Siteman Cancer Center at Barnes-Jewish Hospital and Washington University School of Medicine is pleased to announce funding for nine new projects. These include research focused on:

  • Improving CAR T-cell therapy for lymphoma
  • Identifying new treatment targets for leukemia
  • Better understanding how myelodysplastic syndromes (MDS) develop
  • Identifying a treatment for a broad range of myeloproliferative neoplasms (MPNs) independent of individual mutations
  • Improving outcomes for brain tumors in children

The projects will benefit from $1.89 million in new grants awarded through the Siteman Investment Program. The goal of the grants is to support and accelerate the pace of innovation in cancer research. The money awarded comes from a variety of sources: Pedal the Cause annual bike event and Illumination Gala through the Cancer Frontier Fund at The Foundation for Barnes-Jewish Hospital; the Cancer Center Support Grant (CCSG) from the National Cancer Institute; the Alvin J. Siteman Cancer Research Fund; the Siteman Discovery Fund; Swim Across America – St. Louis; and various philanthropic gifts via Siteman Cancer Center.

This grant cycle also includes a new clinical trial focused on a combination immunotherapy treatment for metastatic castrate-resistant prostate cancer that will expand the horizons for improved understanding of how the immune system responds to and may guide treatment of this disease.

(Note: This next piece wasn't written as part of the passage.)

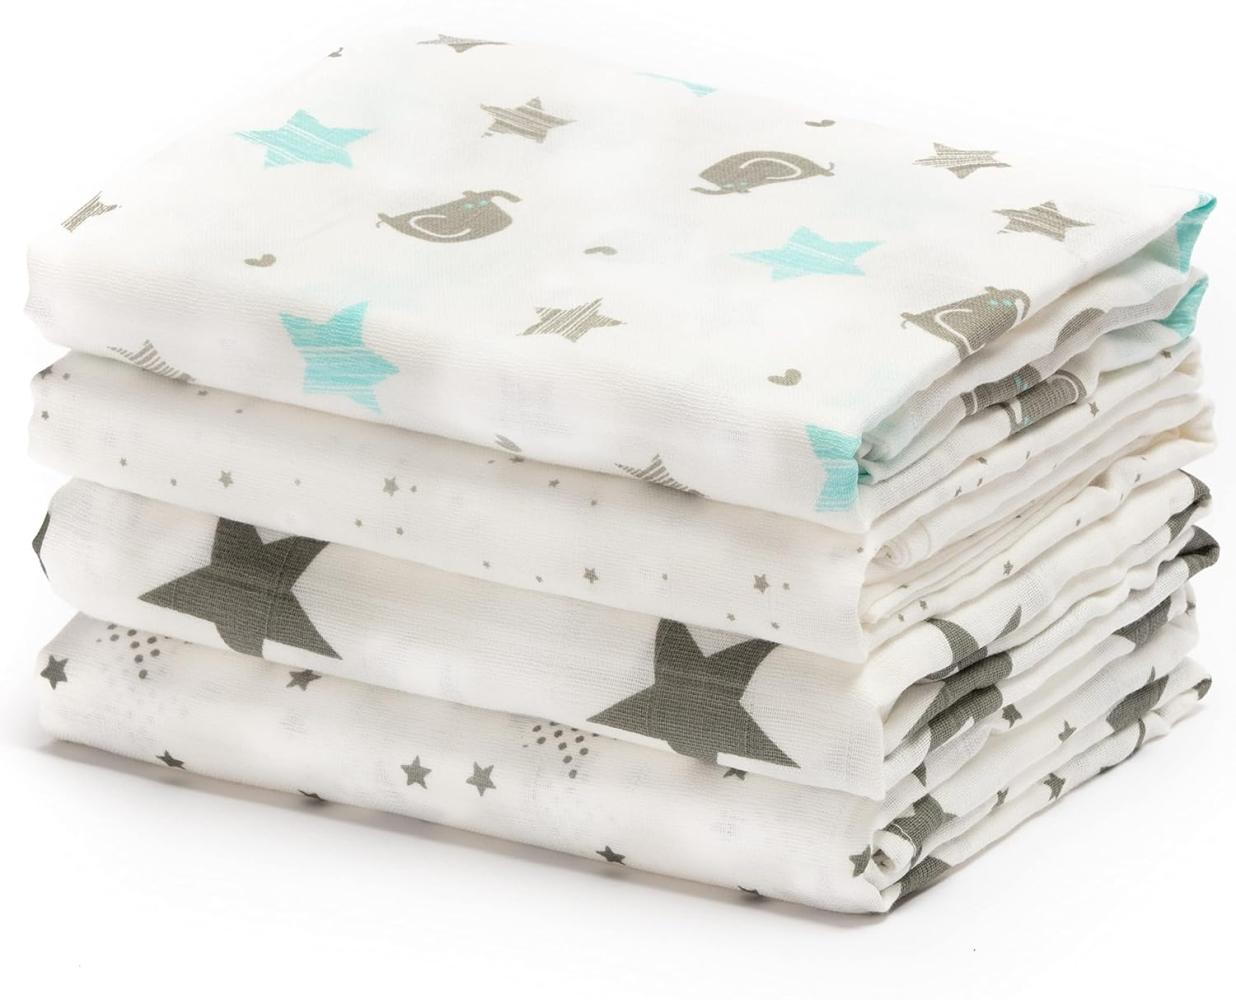 CuddleBug „Sternennacht“ 4 Stück 120 cm x 120 cm Lange Baby Decke für Babys | 5 Farbkollektionen | Musselin Decke | Babydecke Mädchen oder Jungen | Babydecke Baumwolle Bild 1

The funded research projects are described below.

 

New Clinical Trial Category

Project Title: A Phase Ib Study Evaluating the Safety and Tolerability of Sipuleucel-T (Sip-T) in Combination with an N-803 in Patients with Metastatic Castrate-Resistant Prostate Cancer (mCRPC)

Russell Pachynski Md (1)
Russell Pachynski, MD

Principal Investigator (PI): Russell Pachynski, MD

Daniel Thorek PhD
Daniel Thorek, PhD

Co-PI: Daniel Thorek, PhD

Goal: To determine the recommended phase 2 dose of an immunotherapy treatment for metastatic castrate-resistant prostate cancer that combines a protein called N-803 with a Food and Drug Administration (FDA)-approved cellular immunotherapy called sipuleucel-T (Provenge). Researchers hypothesize that the combination will have an acceptable safety profile and will be feasible to administer in this population.

Project Summary: Immunotherapy is an emerging treatment platform for cancer patients that can be highly effective. However, only a subset of patients demonstrates long-term responses. A persistent challenge has been how to identify patients that would benefit, and how to enhance immunological treatments to benefit more patients. This proposal addresses these critical issues by:

  • Combining two immunotherapies that the researchers have shown work together in preclinical models
  • Advancing a promising functional scanning technology to noninvasively characterize the immune response in these patients

Prostate cancer is the second most diagnosed cancer in males. Surgery or radiation can be curative when treated early and localized to the prostate; however, it is incurable once it has spread. Novel modes of treatment are needed. The researchers propose to combine Sipuleucel-T, an FDA-approved adoptive cell therapy for prostate cancer with modest outcomes, with N-803, an immunostimulatory engineered protein that binds to interleukin-15, a cytokine involved in activating immune cells. N803 has recently been FDA-approved for bladder cancer. The researchers will establish optimal dose and schedule for this new combination approach across three treatment cohorts. They will study the immune responses in blood, and use novel, functional noninvasive imaging of the active immune system using a novel radiotracer (specific for an immune mediator called granzyme-B). Together, this work is immediately impactful to men with prostate cancer and expands the horizons for the improved understanding of how the immune system responds to and may guide treatment.

 

Pre-R01 Category

Project Title: Mechanisms Driving Obesogenic Diet-accelerated Gliomagenesis in NF1

Brossier Nicole Peds 1400x1930 280x386
Nicole Brossier, MD, PhD

Principal Investigator: Nicole Brossier, MD, PhD

Goal: To improve the outcomes for brain tumors in children. This proposal aims to determine how different dietary components (fat and sugar) affect tumor formation, epidermal growth factor (EGF) levels and epidermal growth factor receptor (EGFR) signaling in a murine model of pediatric brain tumor formation, and then to determine whether inhibition of EGFR prevents diet-accelerated tumor formation in this model. This information will be used to improve dietary counseling in patients and to design subsequent studies testing the benefits of risk-adapted therapeutic strategies in children with brain tumors and poor dietary exposure.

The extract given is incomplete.